Excluding same-server recipients
This API is available since Fedify 0.9.0.
In most cases, you will not want to deliver activities via ActivityPub to recipients on the same server with the sender. To exclude same-server recipients, you can pass the excludeBaseUris
option to the sendActivity()
method:
await ctx.sendActivity(
{ handle: senderHandle },
"followers",
activity,
{ excludeBaseUris: [ctx.getInboxUri()] },
);
Excluded recipients do not receive the activity, even if they are included in the recipients parameter.
NOTE
Only the origin
parts of the specified URIs are compared with the inbox URLs of the recipients. Even if they have pathname
or search
parts, they are ignored when comparing the URIs.
Error handling
This API is available since Fedify 0.6.0.
Since an outgoing activity is not immediately processed, but enqueued to the queue, the sendActivity()
method does not throw an error even if the delivery fails. Instead, the delivery failure is reported to the queue and retried later.
If you want to handle the delivery failure, you can register an error handler to the queue:
import { createFederation, InProcessMessageQueue } from "@fedify/fedify";
const federation = createFederation({
// Omitted for brevity; see the related section for details.
queue: new InProcessMessageQueue(),
onOutboxError: (error, activity) => {
console.error("Failed to deliver an activity:", error);
console.error("Activity:", activity);
},
});
NOTE
The onOutboxError
callback can be called multiple times for the same activity, because the delivery is retried according to the backoff schedule until it succeeds or reaches the maximum retry count.
HTTP Signatures
HTTP Signatures is a de facto standard for signing ActivityPub activities. It is widely used in the fediverse to verify the sender's identity and the integrity of the activity.
Fedify automatically signs activities with the sender's private key if the actor keys dispatcher is set and the actor has any RSA-PKCS#1-v1.5 key pair. If there are multiple key pairs, Fedify selects the first RSA-PKCS#1-v1.5 key pair among them.
Object Integrity Proofs
This API is available since Fedify 0.10.0.
Object Integrity Proofs is a mechanism to ensure the integrity of ActivityPub objects (not only activities!) in the fediverse. It shares the similar concept with HTTP Signatures, but it has more functionalities and is more flexible. For example, it can be used for forwarding from inbox and several other cases that HTTP Signatures cannot handle. However, as it is relatively new, it is not widely supported yet.
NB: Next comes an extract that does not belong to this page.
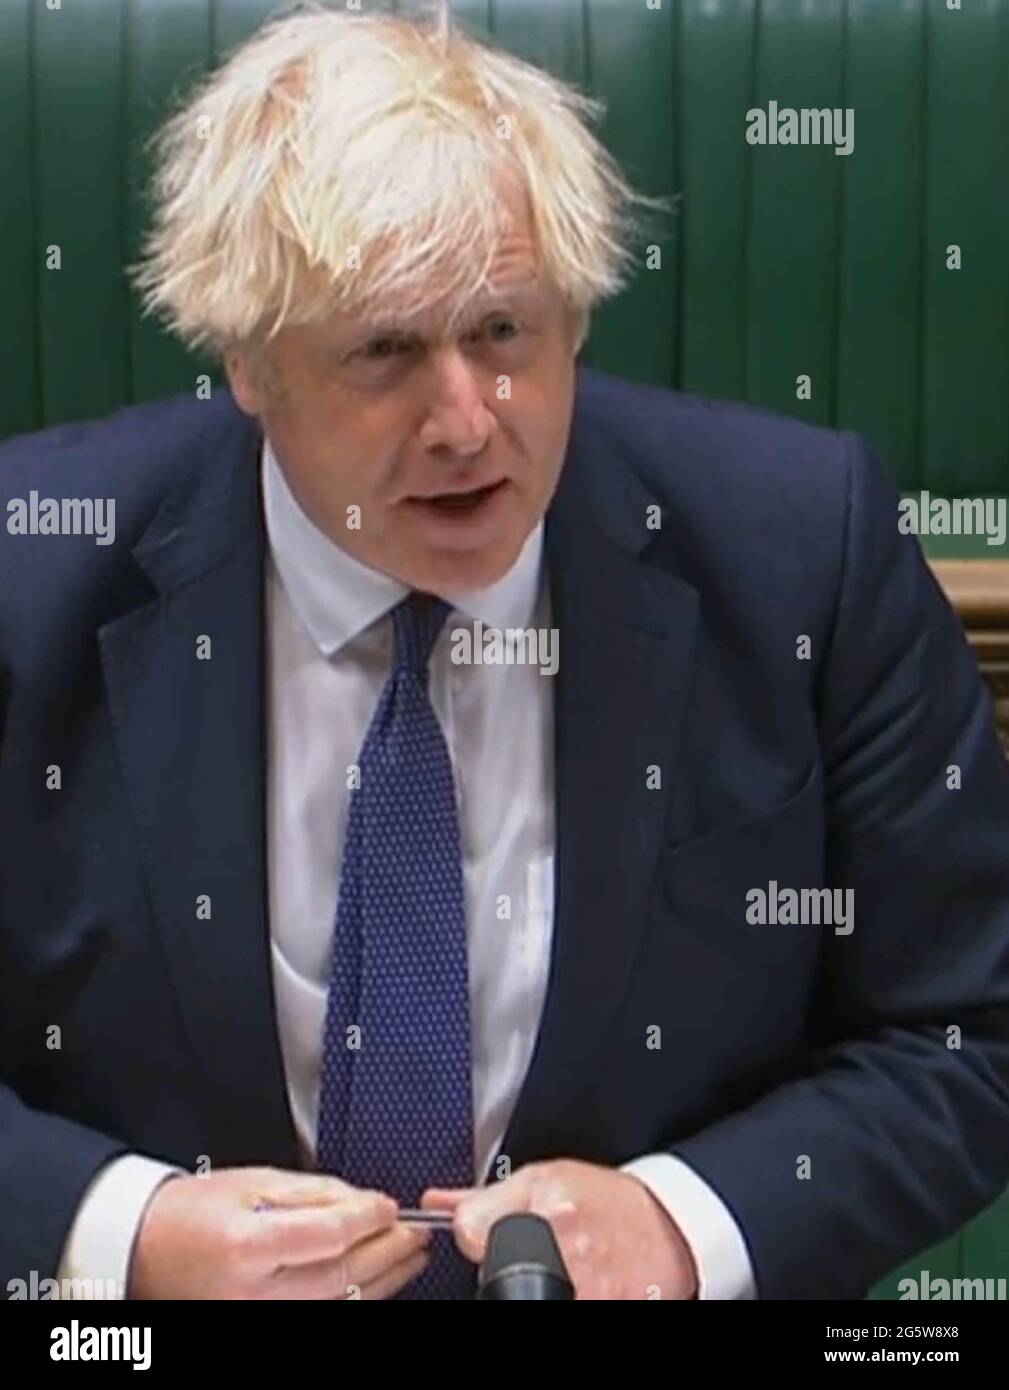 Prime Minister Boris Johnson speaks during Prime Minister's Questions in the House of Commons, London. Stock Photo

Fedify automatically includes the integrity proof of activities by signing them with the sender's private key if the actor keys dispatcher is set and the actor has any Ed25519 key pair. If there are multiple key pairs, Fedify creates the number of integrity proofs equal to the number of Ed25519 key pairs.
TIP
HTTPS Signatures and Object Integrity Proofs can coexist in an application. If an activity is signed with HTTP Signatures and Object Integrity Proofs, the recipient verifies the Object Integrity Proofs first when it is supported, and ignores the HTTP Signatures if the Object Integrity Proofs are valid. If the recipient does not support Object Integrity Proofs, it falls back to verifying the HTTP Signatures.
To support both HTTP Signatures and Object Integrity Proofs, you need to generate both RSA-PKCS#1-v1.5 and Ed25519 key pairs for each actor, and store them in the database.